The simple network math

The one from frequent support questions "How quickly can I collect 10000 real email addresses?"

There is no a general answer by the following reasons:

The results of EmEx 3 work depends from your sources of search.

EmEx 3 processes given document and their links. If required information presents there, EmEx will extract it. But if the information absents, so there is not any chance to find and extract it. Perhaps, only one document will contains the required information, but it is real to collect this information from a thousands pages. So, everything depends only from you - how you will set up software, what will be indicated as a source of searching and is there the required information on mentioned source.

The speed of processing depends from your internet connection and your provider (ISP) internet channel.

The simple math and no more other complicated.

Suppose, that your a speed of connection is 512 Kb/s. It means you can download the files and documents with 64 Kb/s maximum speed, in theory. The average modern HTML page has weight till 150 Kb. So, you have to spend 2-3 seconds for such page download.

If we run 10 streams at one time, we can not get the speed more 64 Kb/s, because it is a limitation of our channel.
Keep in mind our ideal conditions, we have average speed for one page processing - 2-3 seconds.

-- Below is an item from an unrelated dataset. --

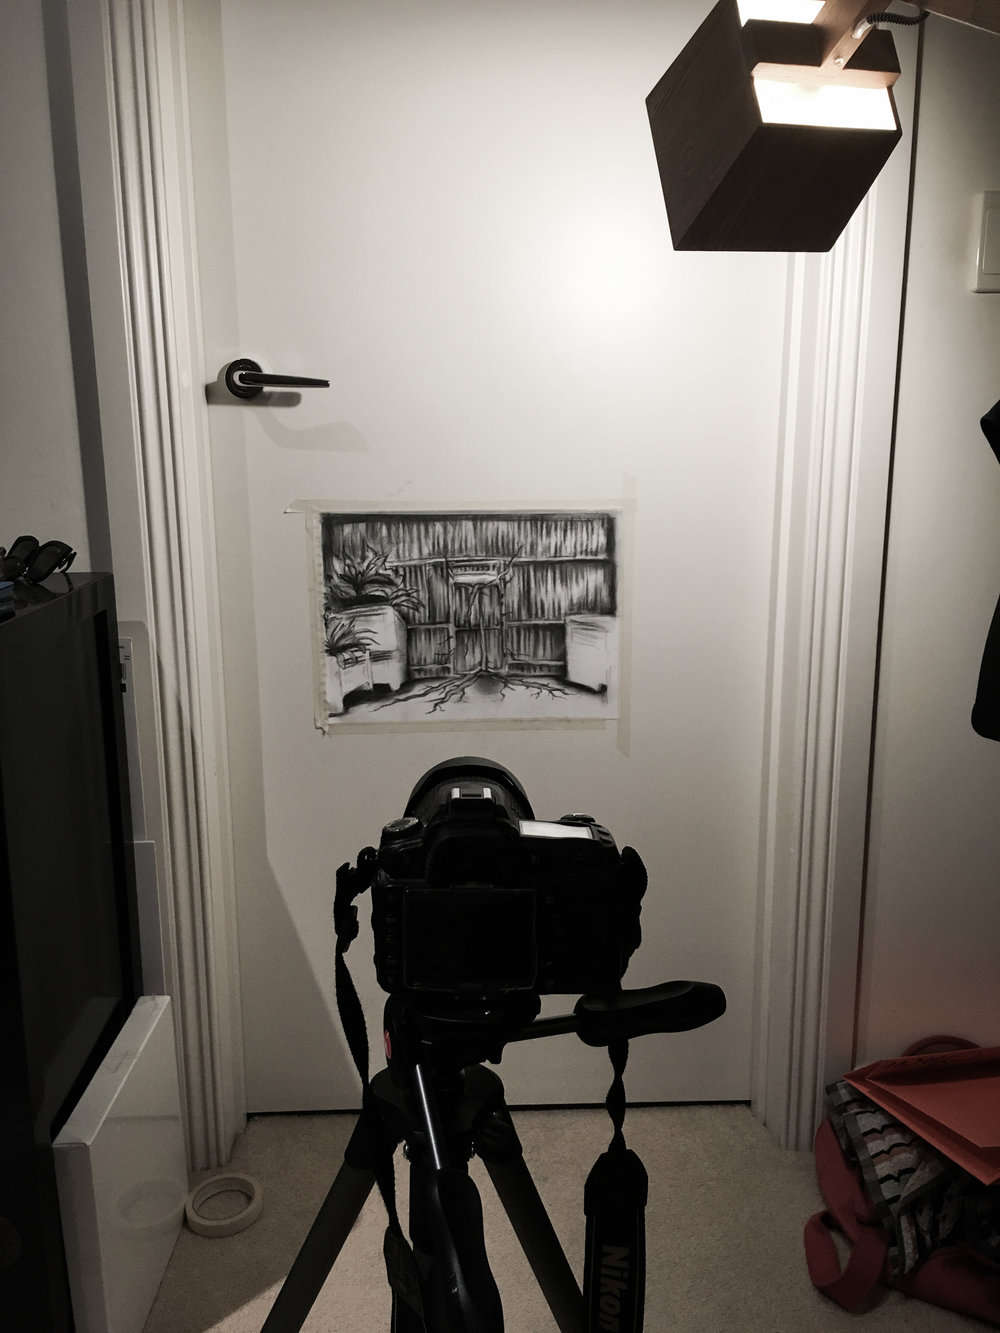 Camera and sketch set up

So, for processing of 100 pages we will need to spend 200-300 seconds.

Take into account, server requires some time and outgoing traffic (~10-20%) to start transfer you the requested page. From time of page's request till start of download, it's necessary to send the information to the server (HTTP request) and receive the answer (HTTP headers). The transfer of the page to your desktop will start only after that.

But there are some other parameters: utilized capacity of the channel and speed of server's answers.

Finally, we get 200-300 seconds in the best case, and 500 and more seconds in reality with 512 Kb/s connection.

We provide different schemes to increase the speed of EmEx work. There is the distributed mode of scan, using proxy-servers, etc. Test, use, find the most optimal solutions for you.